Ford CEO says $2 billion in tariff costs prevents more US investments
September 30, 2025
The cost of tariffs is weighing heavily on Ford (F).
“I mean, it’s frustrating ’cause we’re the most American auto company, and we export the most, and yet, we have this $2 billion headwind, which prevents me from investing even more in the US,” Ford CEO Jim Farley told Yahoo Finance at Ford’s Accelerate Pro conference in Detroit.
Farley said imported parts — such as wiring looms, fasteners, sensors, and brake components — are sourced from countries like China, Canada, Mexico, Japan, and South Korea. Tariffs on these parts are driving up costs, including for Ford’s F-150 truck.
If the company wants to manufacture in the US, it has to “import literally thousands of dollars of parts on [the] F-150,” Farley said. Tariffs vary by product and the country of origin, but Ford is paying anywhere between 25% and 70% tariffs on the imported items, which “adds up to $2 billion.”
The automaker has had “some really good conversations with the Trump administration,” Farley said, and is soliciting support from the White House.

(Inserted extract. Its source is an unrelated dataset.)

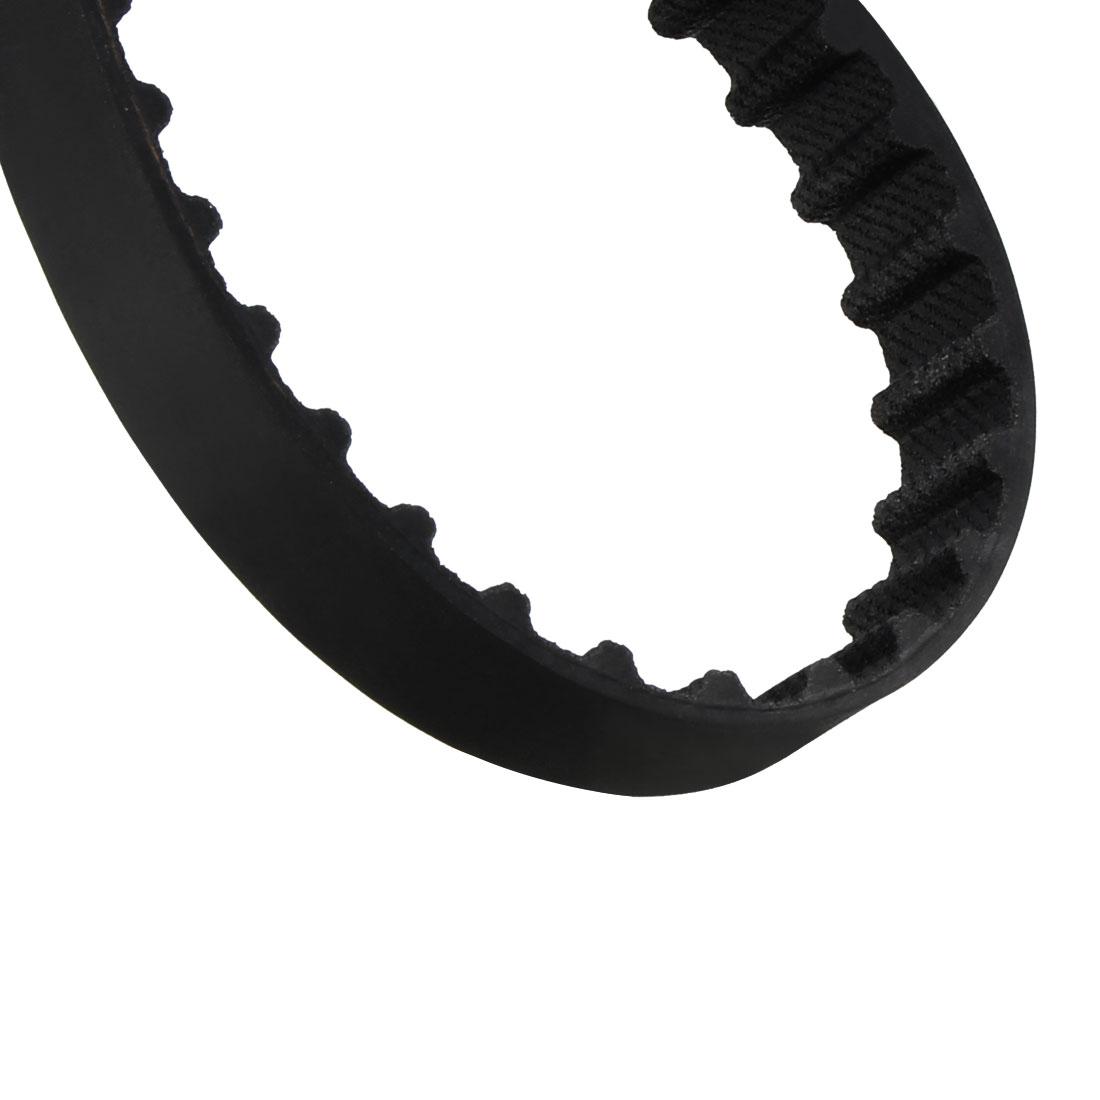 76XL 38 Teeth 10mm x 5.08mm Rubber Timing Geared Belt for Stepper Motor Black

“Hey, help us, help us make more in the US by making these tariffs on the parts for cars more reasonable,” Farley said.
Read more: The latest news and updates on Trump’s tariffs
Farley also cited progress on regulatory fronts, noting conversations with the Environmental Protection Agency (EPA) to adjust tailpipe emission rules that better reflect customer demand.
“That gives me hope that we’re gonna find a solution for that $2 billion parts bill,” he said.
Ford’s tariff headwind comes against the backdrop of a strong second quarter performance.
During the period, the company generated revenue of $50.2 billion, beating consensus estimates of $44.14 billion, according to Bloomberg data. Adjusted earnings per share were $0.37, surpassing the $0.31 expected.
The automaker also updated its full-year EBIT [earnings before interest, taxes] guidance to $6.5 billion-$7.5 billion, which includes the $2 billion net tariff impact. The company had suspended its guidance during the previous quarter due to policy uncertainty.
Wall Street is cautiously optimistic. Analysts note that the underlying business remains strong despite tariff pressures. If Ford can leverage its US manufacturing footprint and capitalize on favorable policy and regulatory shifts, further gains are possible.
In a note to clients, JPMorgan analyst Ryan Brinkman wrote that “overall execution appears solid,” pointing to Ford Pro’s margin strength and the company’s cost-saving initiatives.